DATA UNDER STUDY
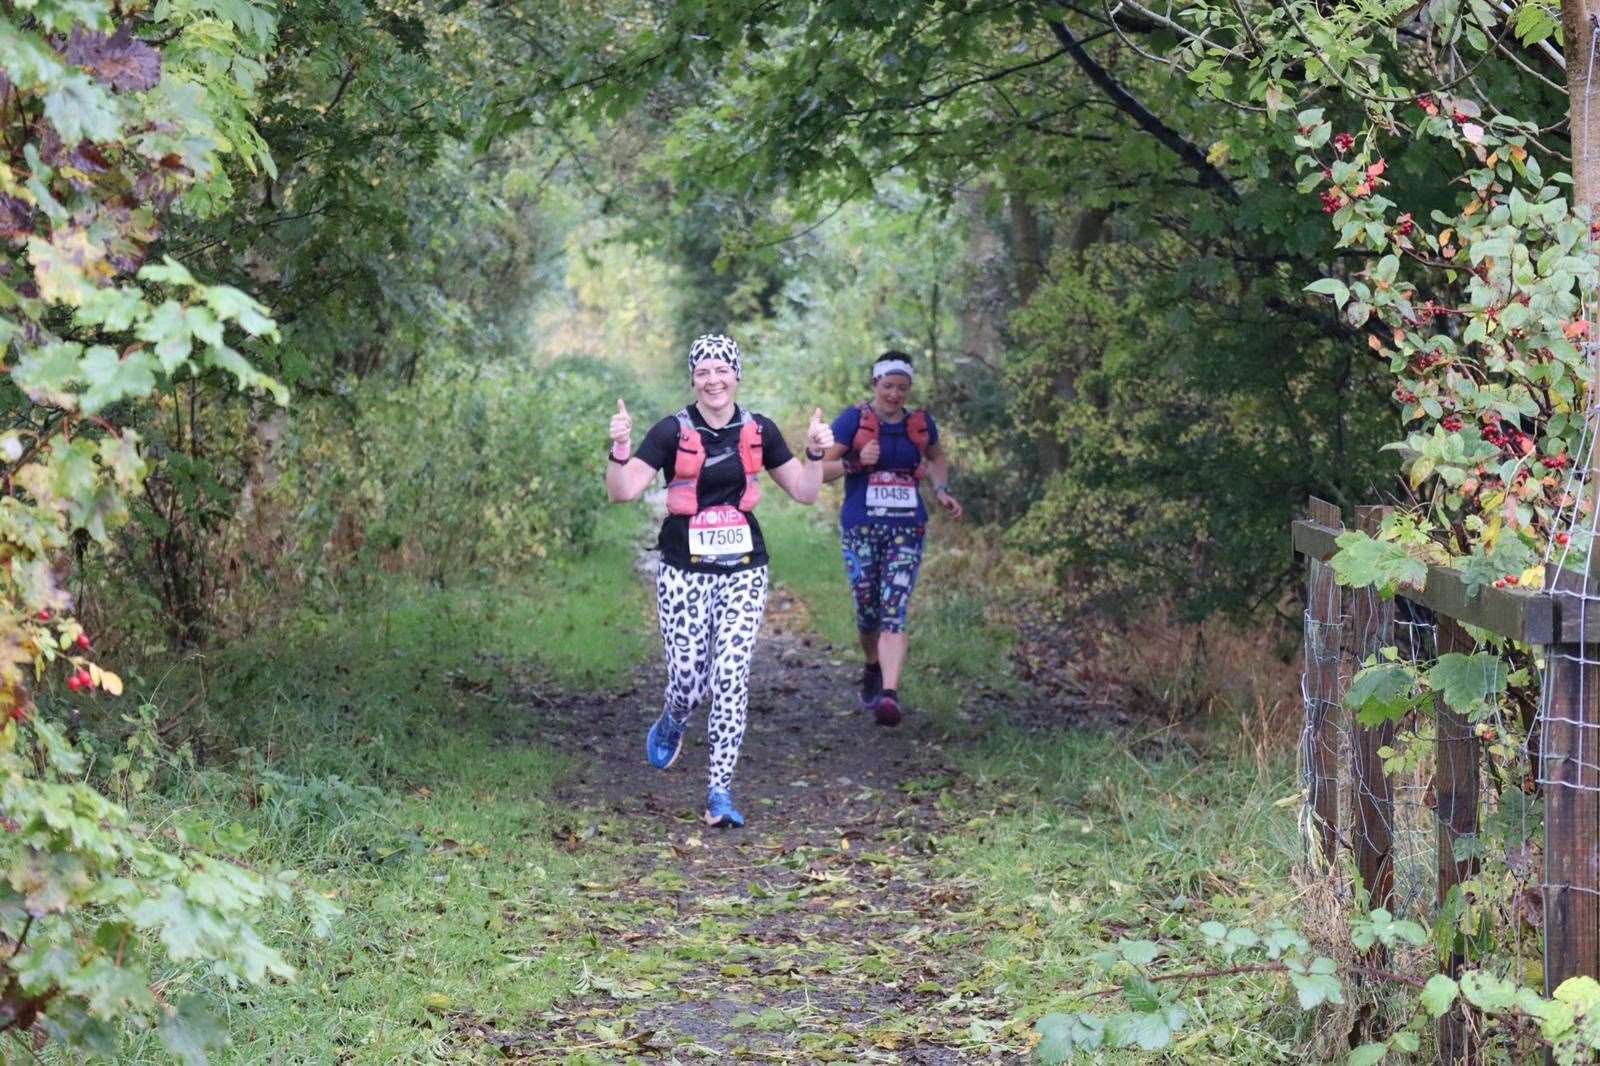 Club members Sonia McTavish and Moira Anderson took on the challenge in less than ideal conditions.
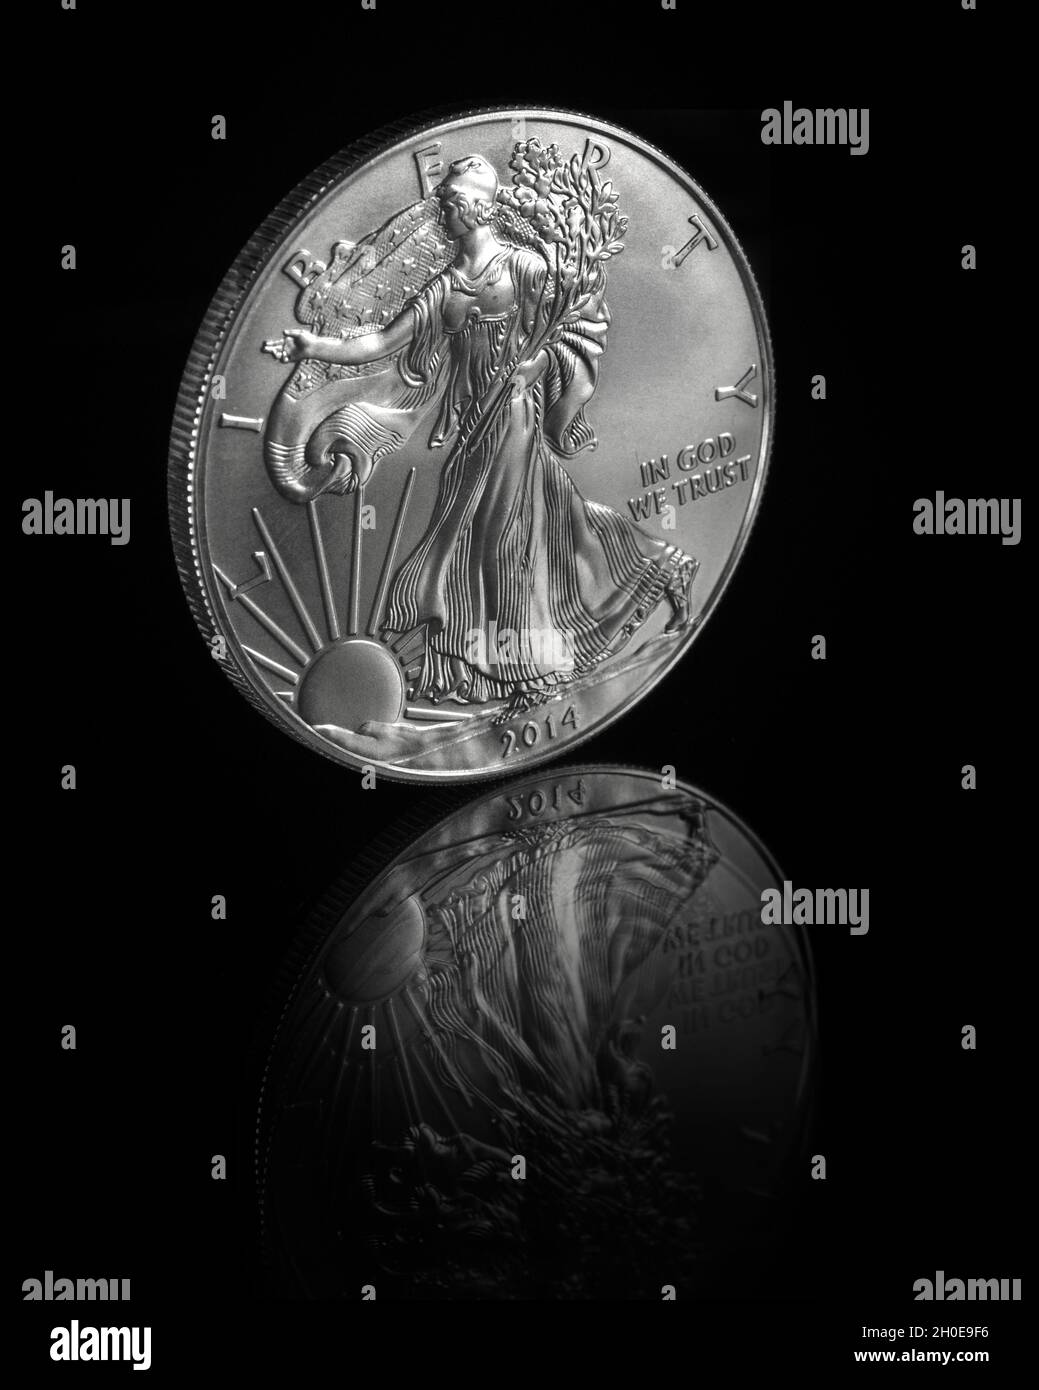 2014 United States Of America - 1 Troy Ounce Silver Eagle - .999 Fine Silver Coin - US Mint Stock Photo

...

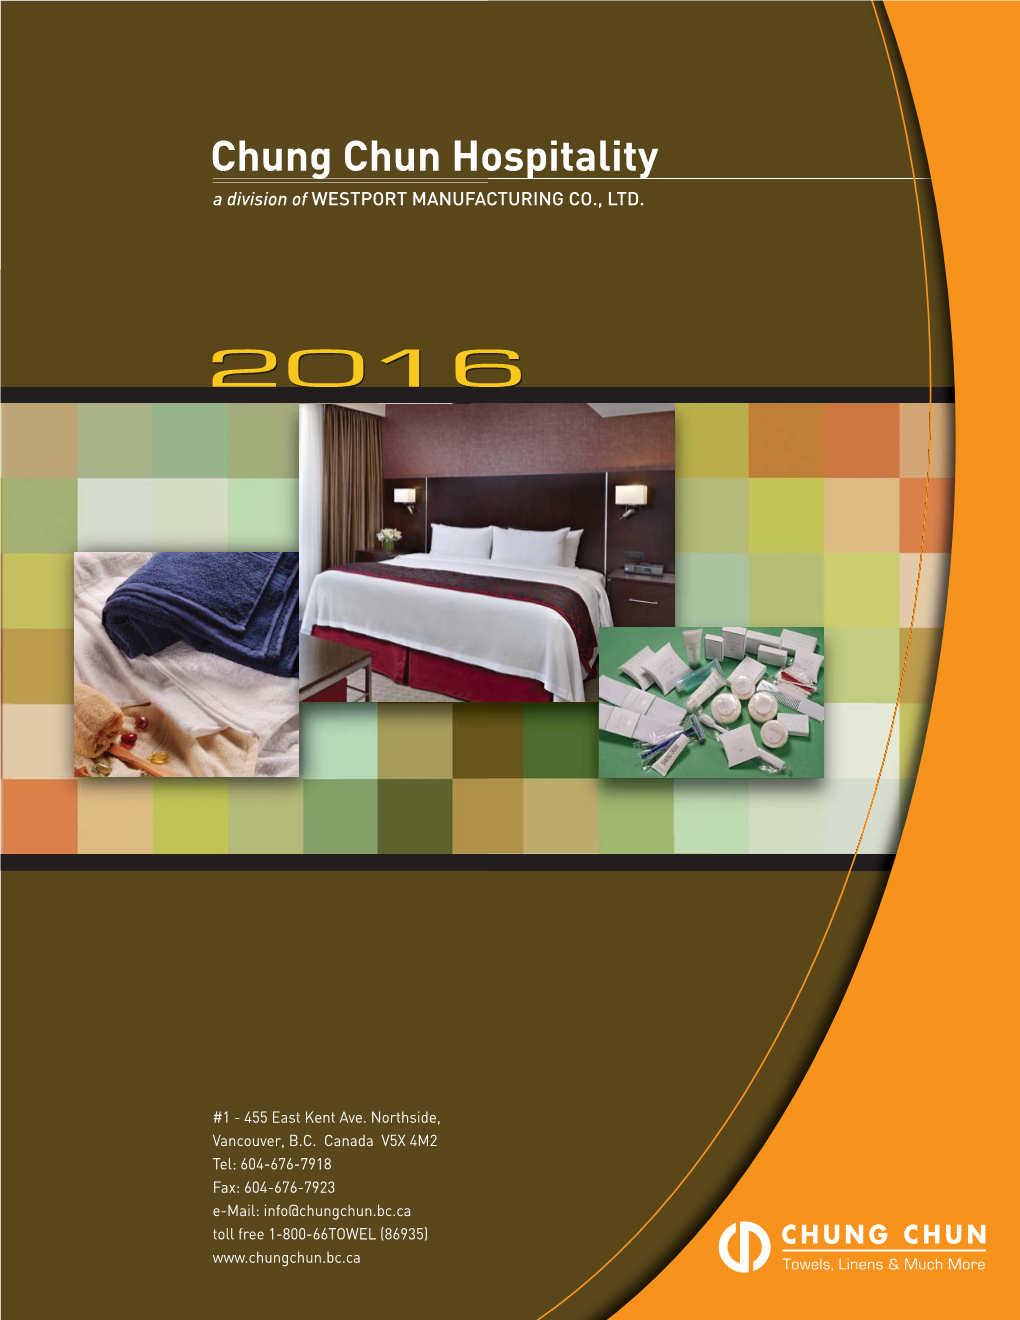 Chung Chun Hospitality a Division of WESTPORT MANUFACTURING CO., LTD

TASK INSTRUCTIONS
From the data above, return exactly the lines from the one with "Club members Sonia" up to and including the one with "2014 United States". Pictures do not go in the copy.

SOLUTION
 Club members Sonia McTavish and Moira Anderson took on the challenge in less than ideal conditions.
 2014 United States Of America - 1 Troy Ounce Silver Eagle - .999 Fine Silver Coin - US Mint Stock Photo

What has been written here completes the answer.